Pero el infortunado joven, a quien la negra suerte había reservado aquel último escarnio, no levantaba la vista del suelo.

Soledad aprovechaba en tanto la general distracción para devorar a su amante con los ojos… Seguía Antonio casi vuelto de espaldas a su mujer y al público… Y, como si todavía fuese posible que la comedia sustituyese a la tragedia, don Trajano y Pepito sentían unos celos feroces al pensar que no eran ellos idóneos para el personalísimo arte de Terpsícore.

Acabó de bailar la llamada marquesa y quedó, con los brazos medio tendidos, esperando el inexcusable abrazo de ordenanza. Manuel se detuvo cortado…, y ella permaneció también inmóvil, afectando pudor…

– ¡Que la abrace! -gritó el público.

Manuel avanzó tímidamente, y abrazó a la hermosa forastera entre los aplausos del gentío.
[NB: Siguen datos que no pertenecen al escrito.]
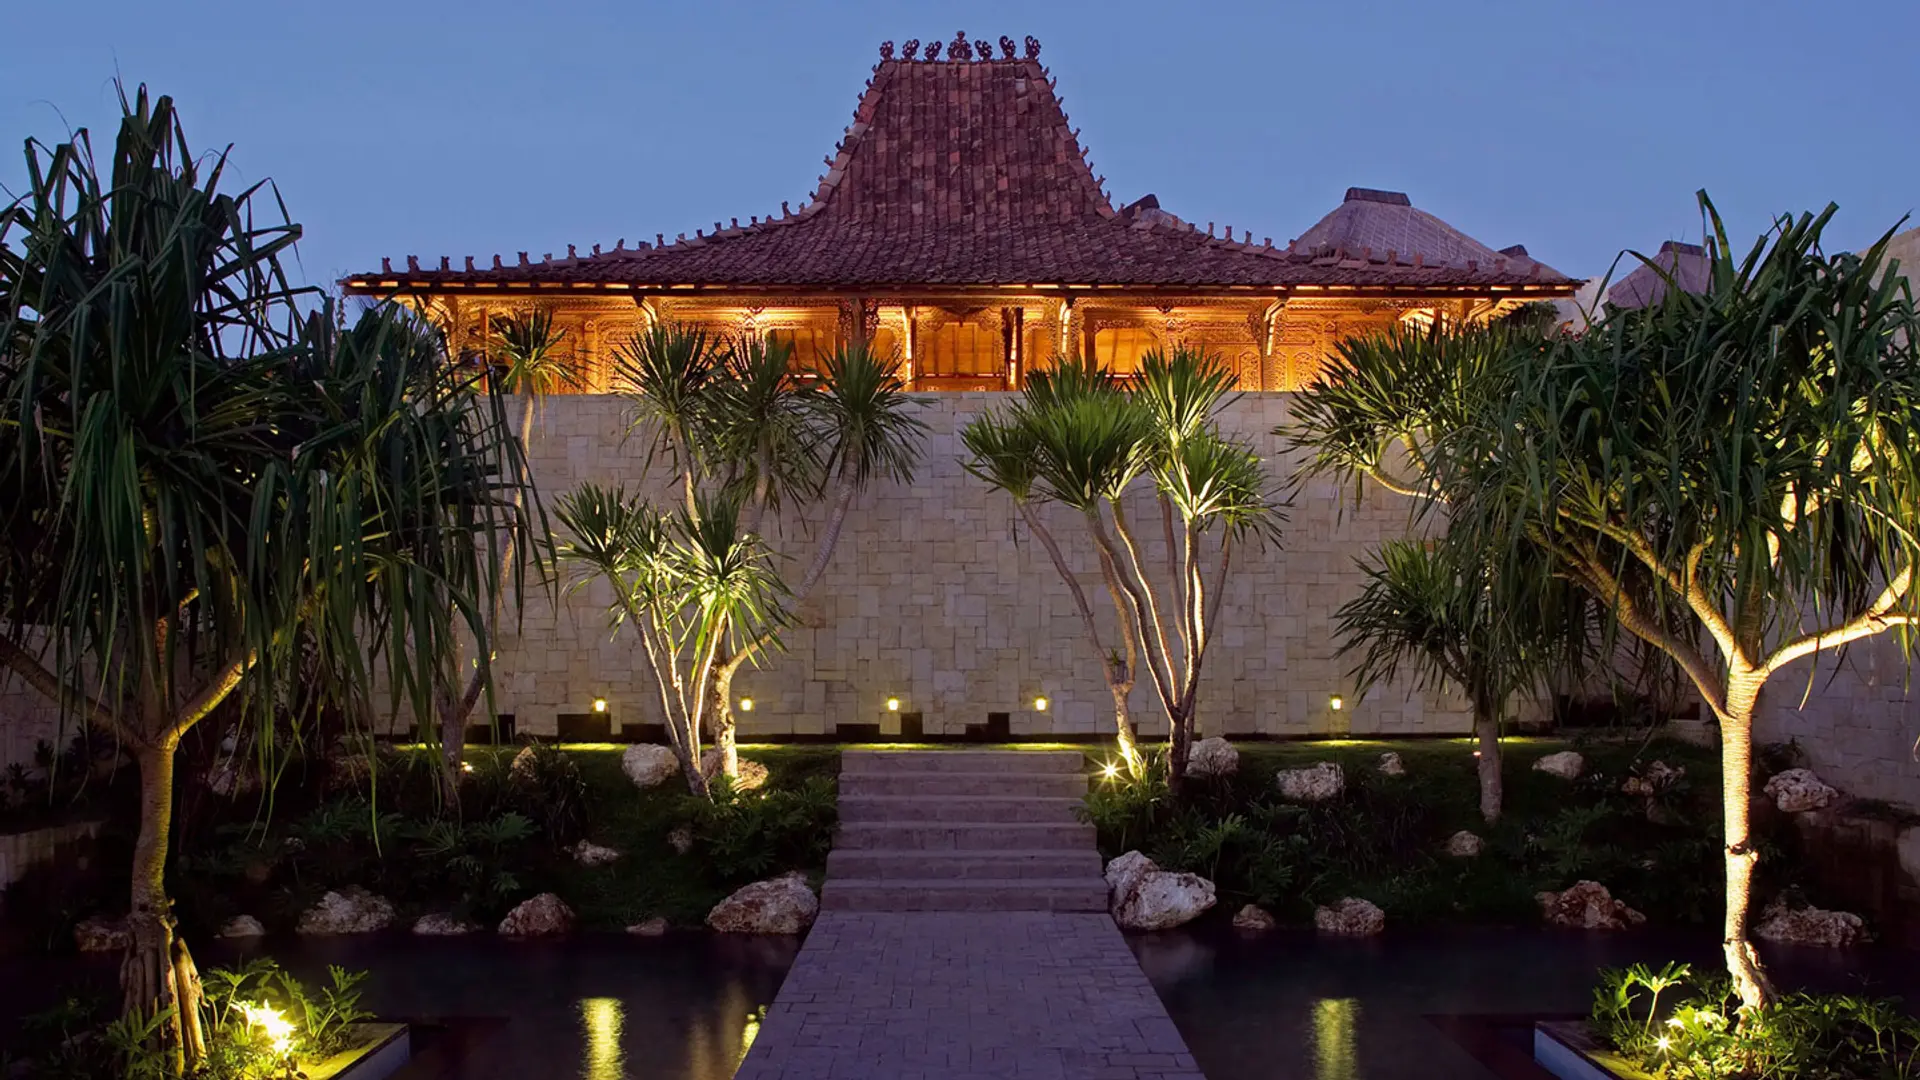 Hotel review Service & Facilities' - Bulgari Resort Bali - 2

Tendió entonces Luisita la mano al joven para que la condujese a su sitio, y díjole a los pocos pasos, deteniéndolo:

– ¿Conque ya no se marcha usted? Vaya usted a visitarme, y hablaremos de América… Yo tengo intereses en Lima.

– Señora… -contestó Manuel lúgubremente-. ¡Lo que tiene usted, o ha tenido, es la crueldad de bailar con un cadáver!

La forastera sintió escalofríos de horror, y, soltando la mano del infeliz, lo saludó ceremoniosamente y corrió a su asiento.

– ¡Es un hombre finísimo!… ¡Un hombre delicioso!… -iba diciendo a izquierda y derecha para ocultar su miedo y su humillación.

En aquel mismo instante sonó una voz terrible, comparable a la trompeta del Juicio Final: la voz de Manuel Venegas, que decía:

– ¡Cien mil reales por que baile conmigo aquella señora!

Y señalaba a Soledad.

Todo el mundo se puso de pie, y Antonio el primero de todos. La gente menuda prorrumpió en vítores y aplausos.

Reinó, pues, una agitación indescriptible.

Manuel Venegas estaba plantado en medio de la explanada, solo, con los brazos cruzados, y fijos los ojos en la Dolorosa.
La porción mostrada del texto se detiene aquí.